Social impact investing in the UK has increased by almost eight-fold over nine years from £833 million in 2011 to £6.4 billion in 2020, according to new figures released by Big Society Capital.
The data, from Big Society Capital’s Annual Market Sizing Report, shows there has been consistent growth year-on-year with a particular acceleration between 2019 – 2020, the year of the pandemic, which saw a 26% increase in the value of social impact investments in the UK (26% 2019-2020 vs. 21% increase 2018-2019).
Social property funds continue to account for the largest portion (45%) of the social impact investment market and has seen eight-fold growth since 2016. Social lending accounts for 43% of the market, seeing three-fold growth since 2011.
Some of this growth in the social lending sector can be attributed to funds launched in response to the Coronavirus pandemic, such as the Resilience and Recovery Loan Fund, set up by Social Investment Business with funding from Big Society Capital.
Existing funds also contributed to the growth in social lending, supporting social enterprises and charities through the crisis by providing additional flexibility and liquidity. These included the Community Investment Enterprise Facility and the Growth Fund, created as a partnership between Access, the National Lottery Community Fund and Big Society Capital.
This further demonstrates that social impact investment is playing a key role in providing financial support to social enterprises and charities so they can continue to help communities which have struggled even more following the impact of COVID-19.

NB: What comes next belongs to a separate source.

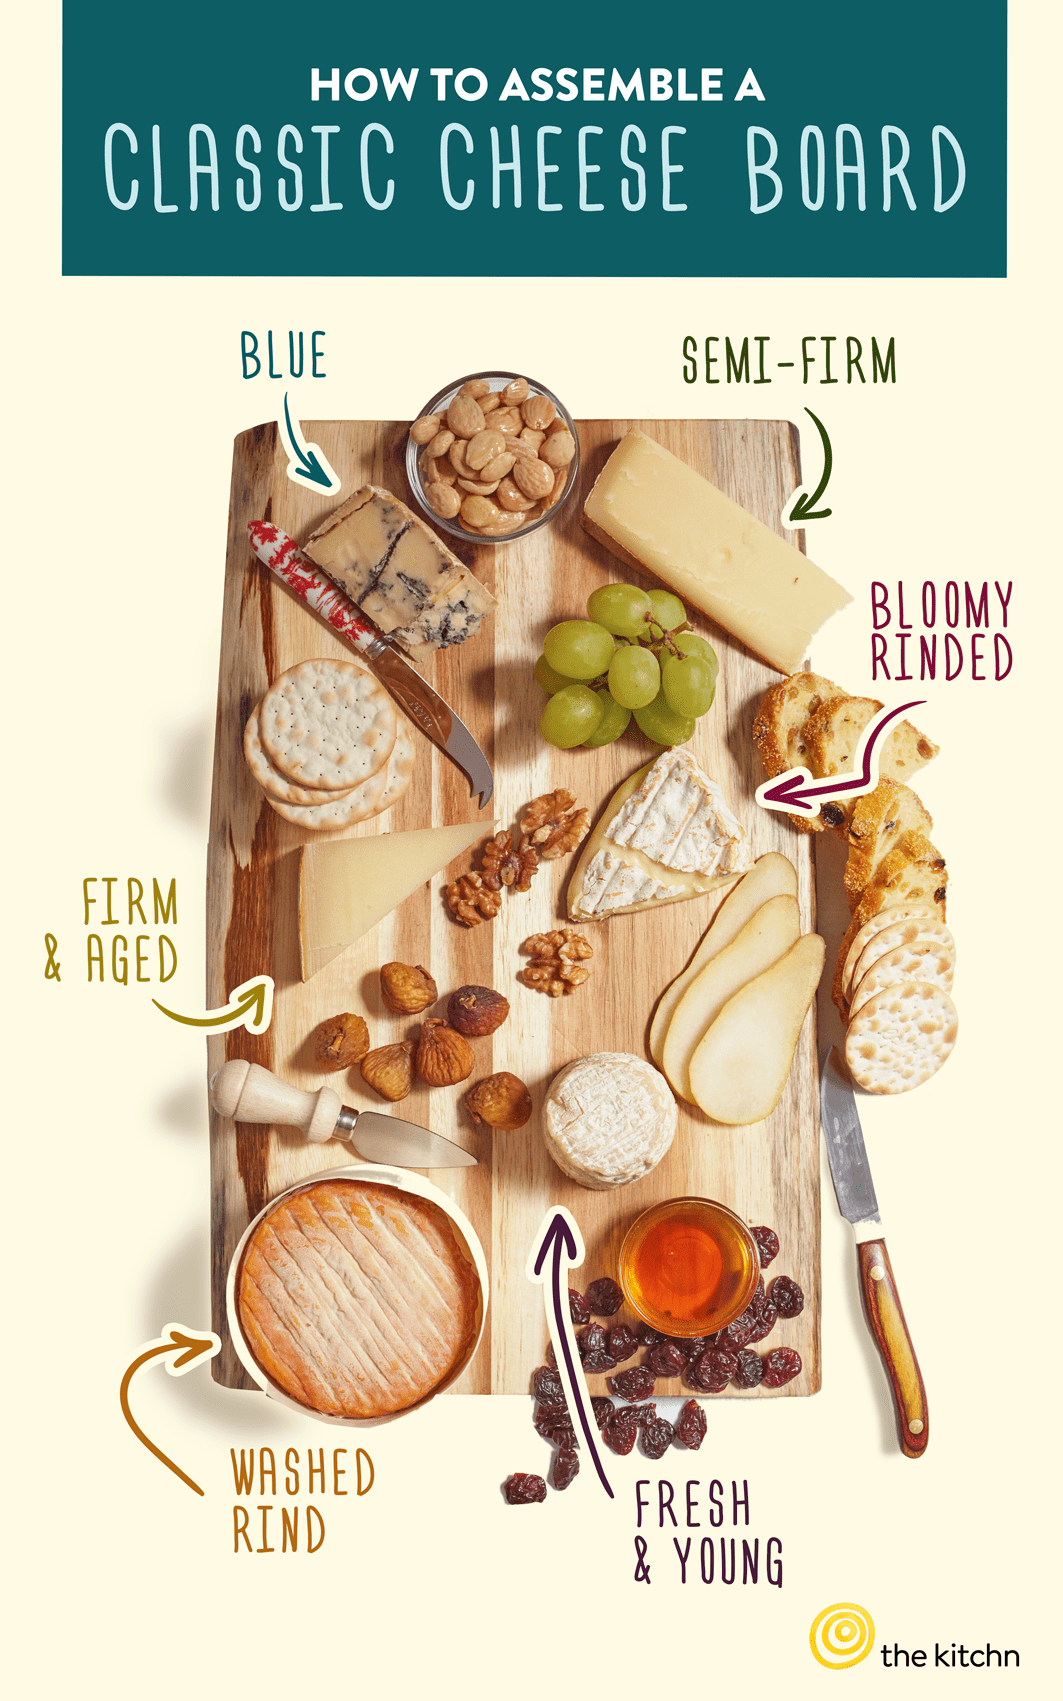 Cheese tips for the home: storage, freezing, and saving rinds

Stephen Muers, CEO of Big Society Capital, said: “Social enterprises and charities have been a fundamental lifeline for many of the millions who were furloughed, made redundant, or isolated from their regular social networks and support. They became frontline services for the nation and have played an important role in the recovery.
“Despite this, the mainstream funding challenges persist for many of these organisations, so it comes as highly welcome news to see the burgeoning growth of social impact investment from the private sector, alongside increasing investment from both local and national government.
“But this is only a fraction of what we believe is possible over the next few years. Momentum is building and social impact investment has a huge role to play. We aim to at least double the capital going into UK social investment, to between £10 billion and £15 billion by 2025.
“More and more investors are realising that it is possible to deliver both a social and financial return and so we are confident the market is on track to meet this ambitious target.”
Sarah Gordon, CEO of the Impact Investing Institute, commented: “The social investment market sizing which BSC conducts sets an important baseline which demonstrates not just how dynamic this market is, but how relevant it is for policy-makers intent on increasing opportunities and addressing regional inequalities across the UK. We’re excited to be integrating this work into our own impact investment market sizing exercise, which will take a broader look at institutional capital dedicated to impact.”